Mexico moved ahead of Venezuela in 2025 as Cuba’s main oil supplier, according to a Tuesday article from the Financial Times newspaper, citing new industry data. But President Claudia Sheinbaum was quick to insist that Mexico is not shipping significantly more oil to Cuba than in previous years.
Mexico was estimated to have sent a daily average of 12,284 barrels of oil to Cuba in 2025, contributing 44% of the Caribbean island’s crude imports, while Venezuela exported an estimated 9,528 barrels per day (bpd) of oil to Cuba, accounting for 34% of its imported crude.
“… #Venezuela, long the biggest supplier to #Cuba, exported 9,528 bpd or 34%. Its exports to Cuba last year, similar to their 2024 level, were 63% lower than in 2023… Mexican #oil #exports to the US… almost halved from June 2023 to October 2025…”🤔 https://t.co/gRuHC47ihZ pic.twitter.com/ACaTh7O8QZ
— Mark Warner (@MAAWLAW) January 6, 2026
That 10 percentage-point difference supports the Financial Times conclusion that Mexico is now the No. 1 exporter of oil to Cuba, with Russia a distant third.
But as Sheinbaum hinted, the 56% rise in Mexican shipments to Cuba in 2025 compared to 2024 would not have been nearly enough to overtake the South American nation if Venezuela’s exports to Cuba had not fallen by 63% since 2023.
During the last two years of the López Obrador administration, Mexico’s state-owned oil firm Petróleos Mexicanos (Pemex) subsidized the shipment of at least 10 million barrels of oil to Cuba, according to a December report from the non-profit Mexicans Against Corruption and Impunity.
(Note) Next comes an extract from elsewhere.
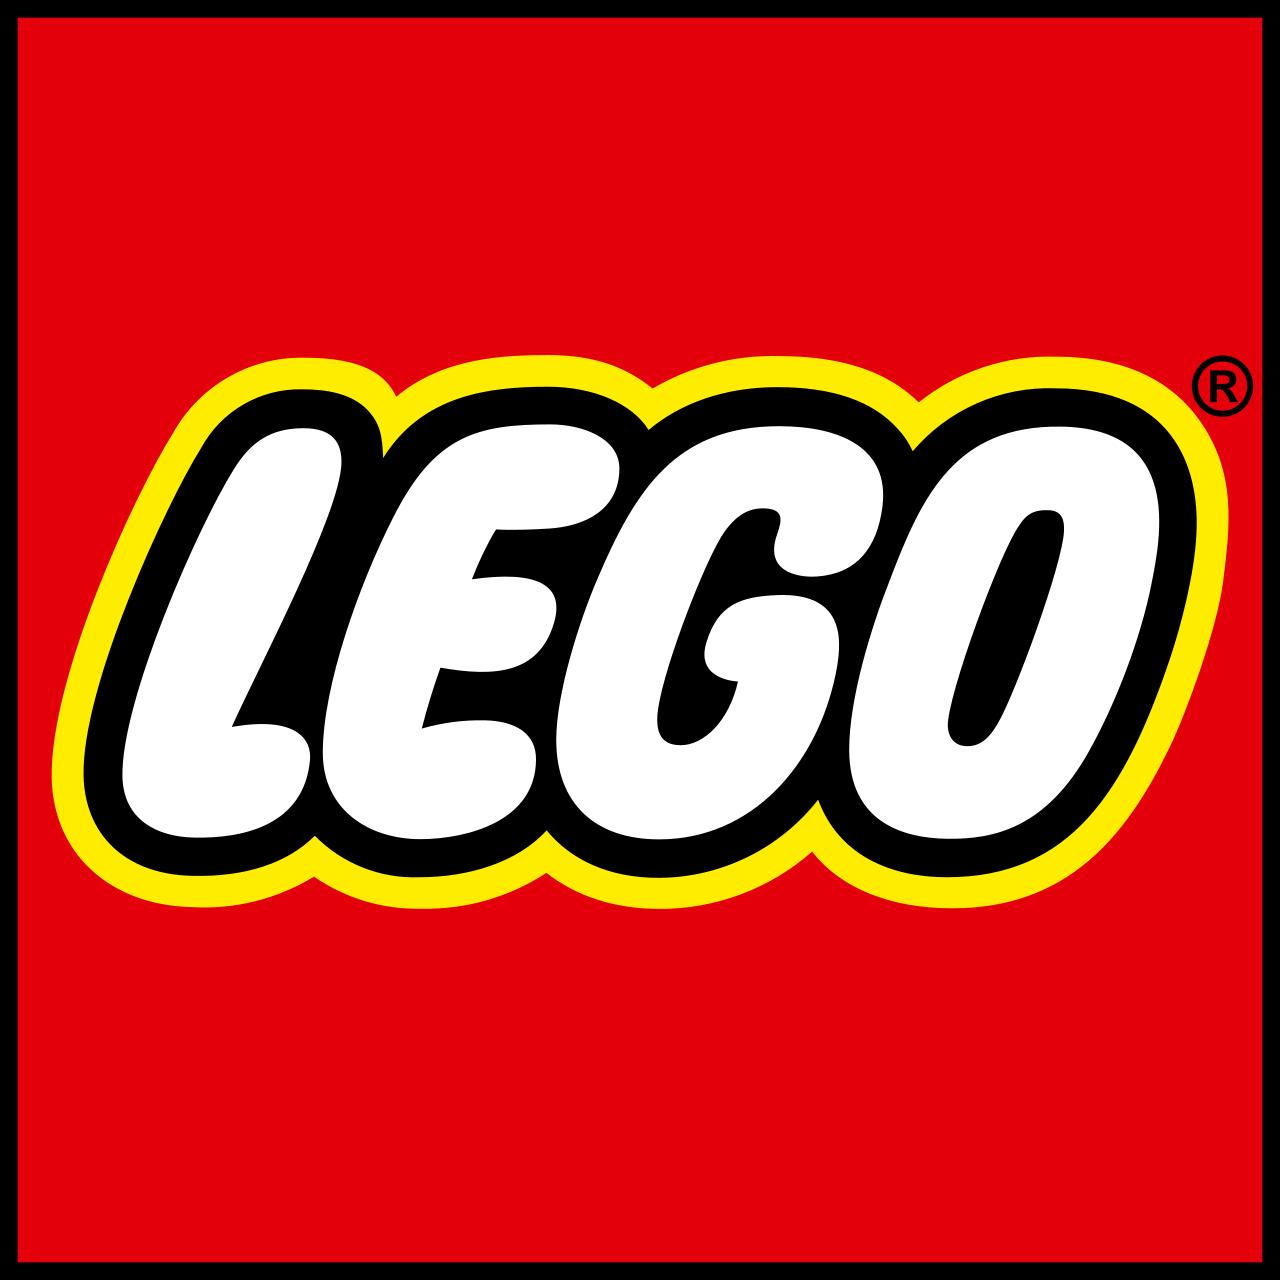 Zestawy Lego -20% / wildberries.eu

Between July 2023 and September 2024, Pemex shipped crude oil and refined products to Cuba worth approximately 15.6 billion pesos (US $869 million) through its Gasolinas Bienestar SA de CV subsidiary, the company stated in reports submitted to investors on the Mexican Stock Exchange.
In her daily press conference on Wednesday, President Sheinbaum said, “We are not sending more oil than we have historically,” and added, “Of course, with the current situation in Venezuela, Mexico has obviously become an important supplier. Before, it was Venezuela.”
When asked if Mexico would supply a larger quantity of crude oil to Cuba now, given the U.S. embargo on Venezuela, Sheinbaum would only say that part of what is sent “is by contract, and also the aid that has been provided historically.”
The Trump administration, however, has made it clear that any oil shipments to Cuba defy his demand that Mexico and other Latin American nations play a “constructive regional role aligned with U.S. foreign policy goals.” They become, then, another pretext for the U.S. president’s escalating threats against Mexico.